I’ve come to realize that the remaining wait to bring our daughters home might not feel so urgent if it weren’t for the pregnancy.  We have prayed throughout the entire pregnancy that God would bring them home before Annie Rose’s arrival.  (That’s baby’s name:  Annie Rose.)  It isn’t looking very promising and that breaks my heart.  In reality, what is six more months of waiting?  It’s been 18 months since we first set eyes on them.  Six months will surely fly by.  I also realize that no matter which month we’re able to bring our daughters home, there will never be a day in Annie’s life that she won’t remember having three big sisters.  Our new life, new family, will begin when we’re all under the same roof.  I suppose I will continue to pray that we will be celebrating this coming Christmas as a family of nine, all together at last.  Hopefully, this time next year, all of the waiting and hurting, stress and tears will be but a distant memory and we will be able to say, It feels like our family has always been this way.  It feels like they’ve always been here.

Our house will be messier and louder.  There will be more dishes and far more laundry.  School work will be a challenge.  Successfully leaving the house will be a major accomplishment.  Meals will be planned down to the minute because goodness knows you have to stay on your A-game when feeding seven young children.  I’m so thankful for friends who have been able to travel to our daughters’ country and assure us that they look wonderful, happy, and healthy.  They’re being loved and very well taken care of.  We are so grateful for our agency and the staff at the transition home where our girls have lived for the past nine months.  Wow, it’s been nine months since I saw their faces in the person for the first time.  I’ll never forget that day for as long as I live.  Hannah’s sweet little raspy voice and the bossy tone in which she uses when she speaks to the younger children.  The innocent smiles of pure joy on Zoe and Ameris’ faces as we sat on the swing and they said over and over, I love you Mama.

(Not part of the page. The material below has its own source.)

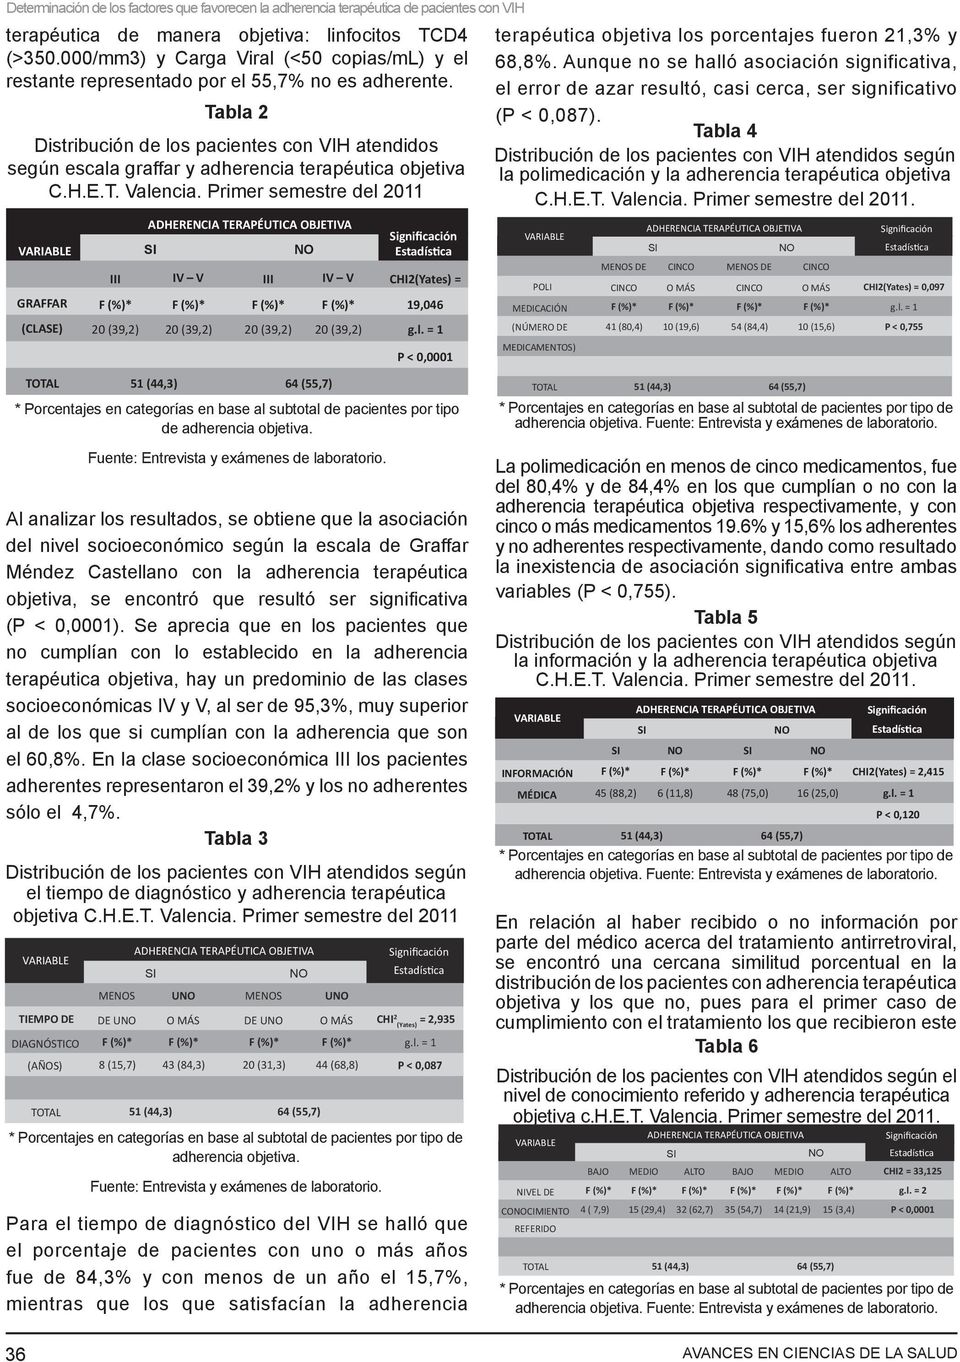 Tabla 2 Distribución de los pacientes con VIH atendidos según escala graffar y adherencia terapéutica objetiva C.H.E.T. Valencia.
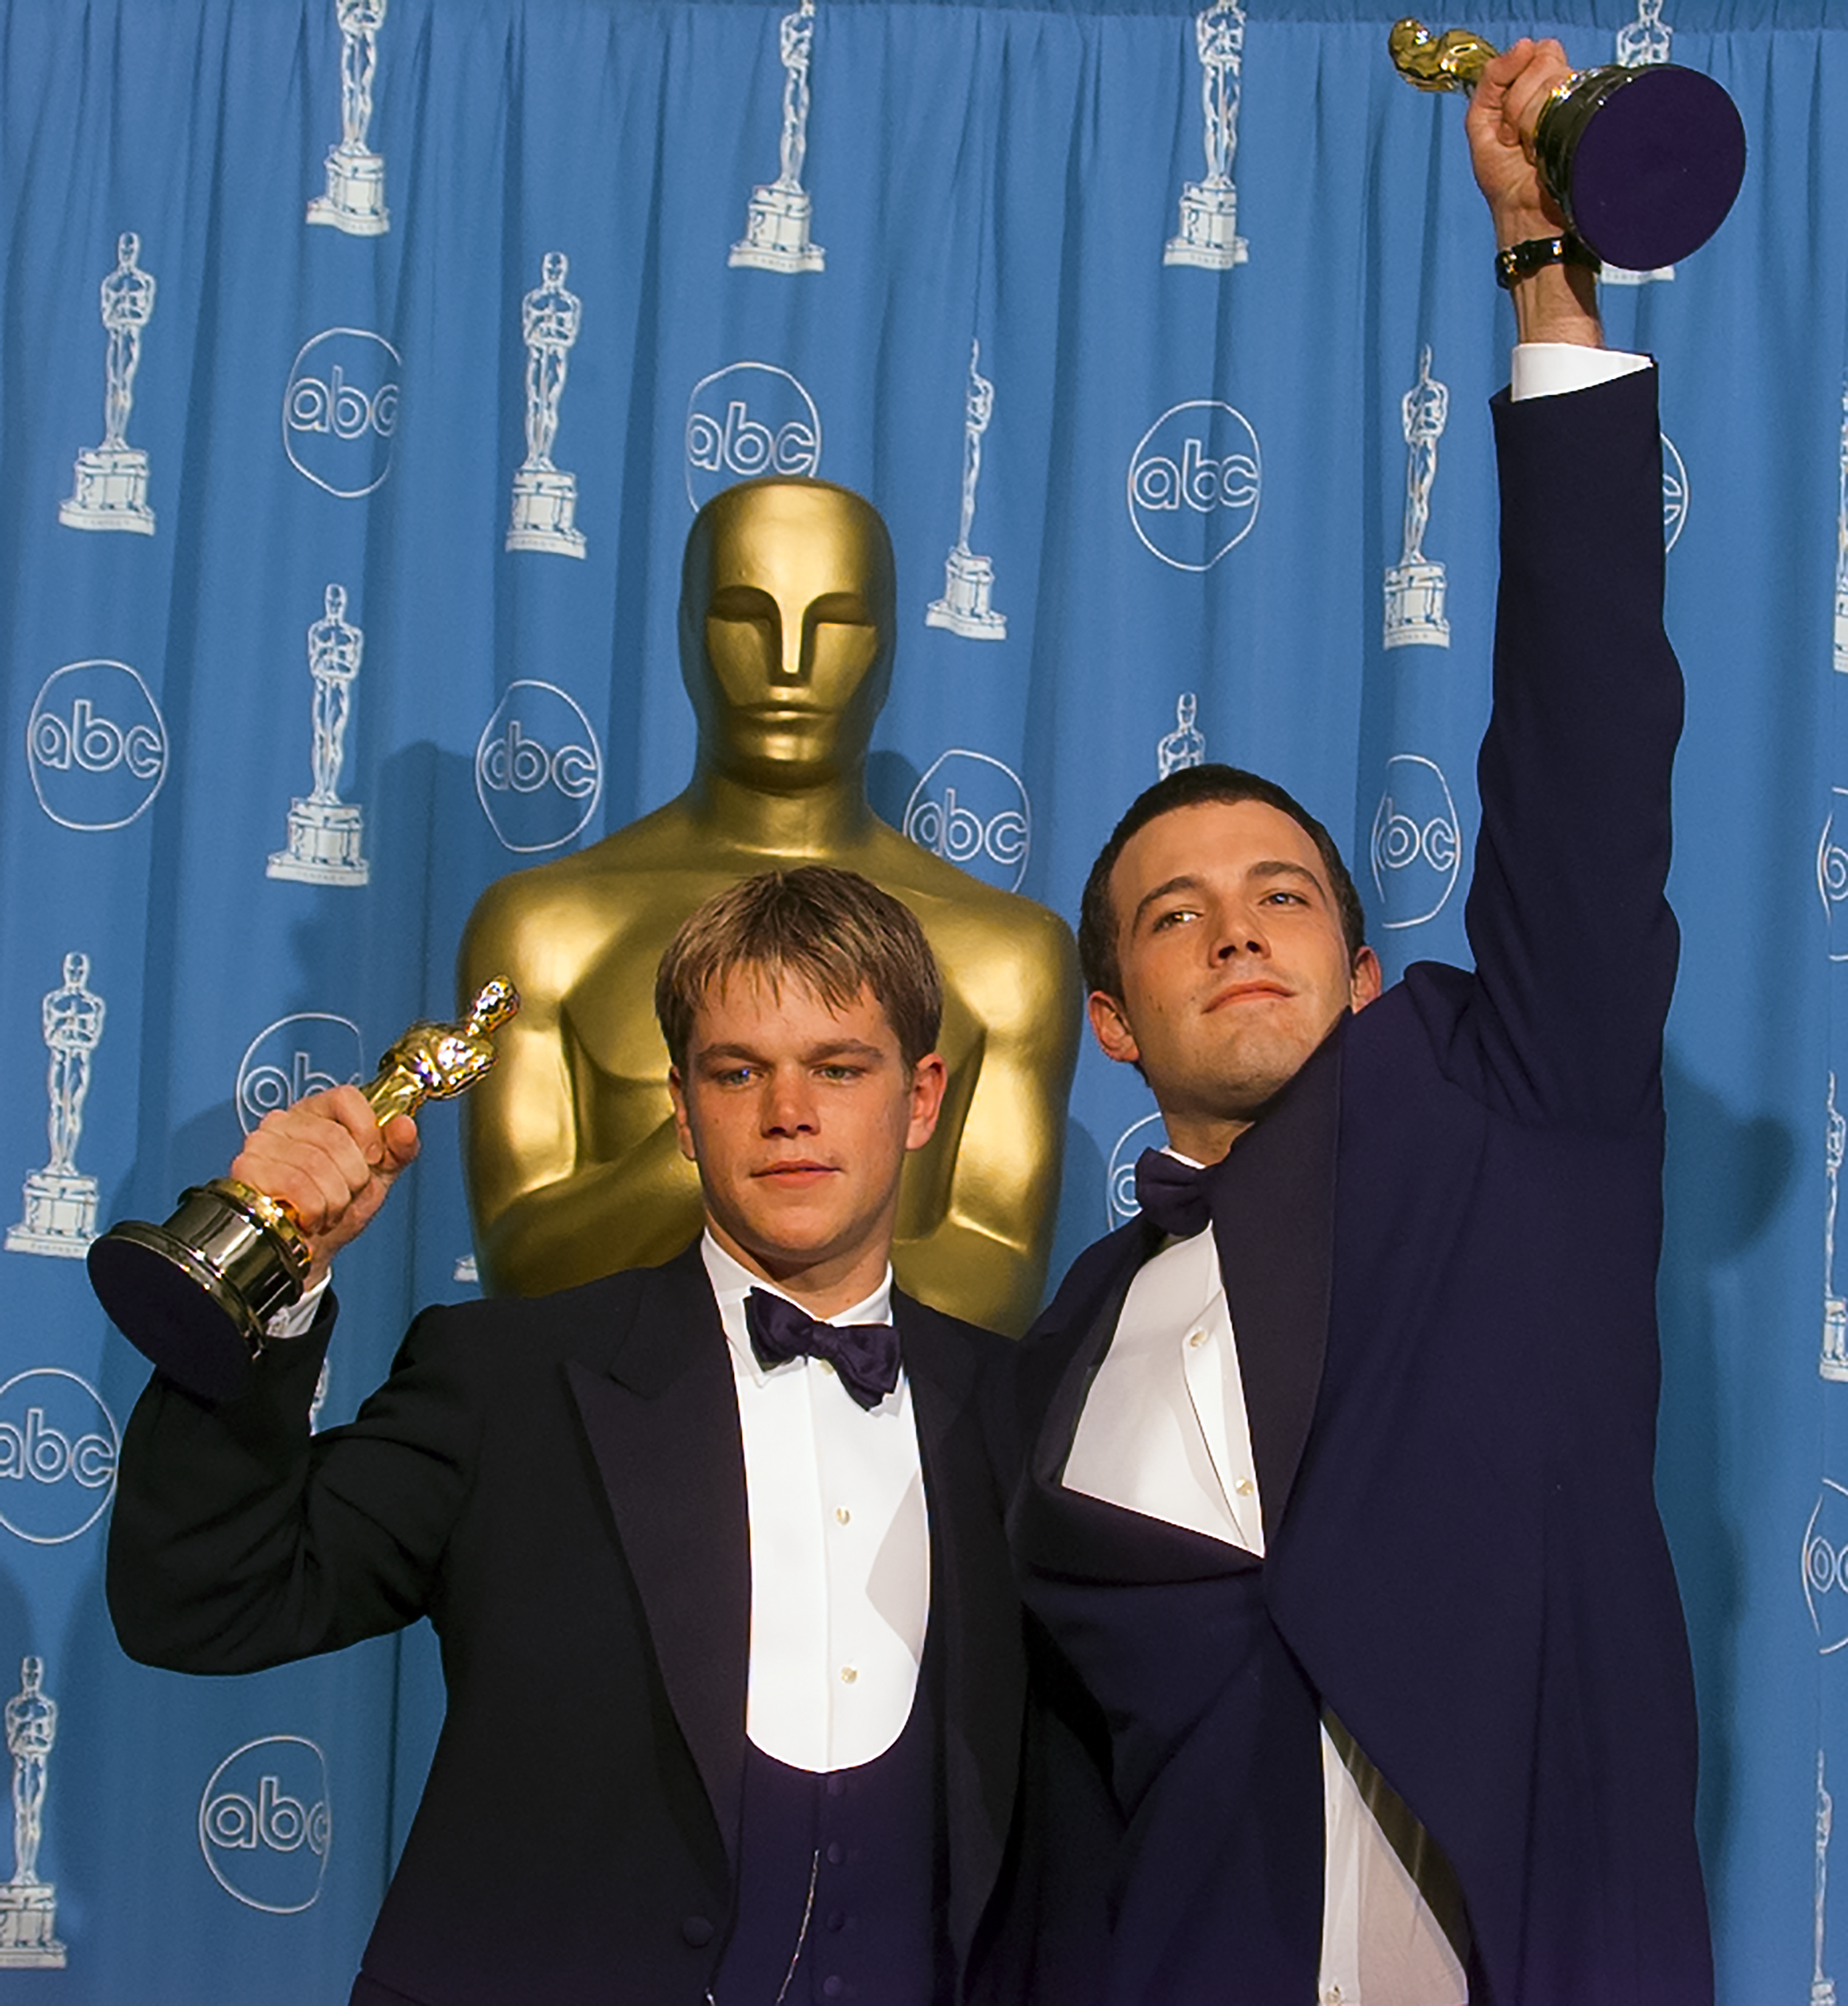 Matt and Ben holding their Oscars

The twins were clueless when they were taken from me to return to the orphanage after spending a week with their new mother.  They smiled and waved ‘bye-bye’.  Hannah was a different story.  She wept, she pushed me away, she hid from all of us.  When I was finally able to sweep her up into my arms, I kissed her bald head over and over and promised that Papa and I would return very soon and bring them home forever.  I sure wish soon had been sooner than now; sooner than the fall.

Our friends and family have played a vital role in carrying us through this tumultuous journey.  Although it hurts that our daughters are not home yet, it is invaluable to us that so many still ask about them every week.  They are not forgotten.  They are loved and longed for by more than just the five of us.  Your love, encouragement, and support will never be forgotten.  Our airport day will be here very soon.  I can just feel it.

There will be a day…

 

 

 

 

BBQ and Estate Sale

March 17th, 2014

We have some dear friends who have graciously put together a big fundraiser for us at the end of this month.  The exit letter suspension has caused our daughters to remain in the orphanage for many months longer than we anticipated. By God’s grace, they will be home any month now and we’ll finally all be together.  Below you’ll find all the information needed to participate in the fundraiser.

 

WHAT:  BBQ LUNCH AND ESTATE SALE TO BENEFIT THE WILKERSON’S ADOPTION

WHEN:  March 29th, 2014.  Estate Sale starts at 8:00am and BBQ Lunch begins at 11:00am.

WHERE:  Church of the Good Shepherd in North Augusta, 920 Belvedere-Clearwater Road, North Augusta, SC 29841

If you’d like to purchase a lunch ticket, they’re $10 each.  You can use the donate button to the right of the screen and I will email your ticket number and leave your ticket at the BBQ table on the day of the sale.  All proceeds from the sale will go toward our remaining adoption and travel expenses to bring our daughters home.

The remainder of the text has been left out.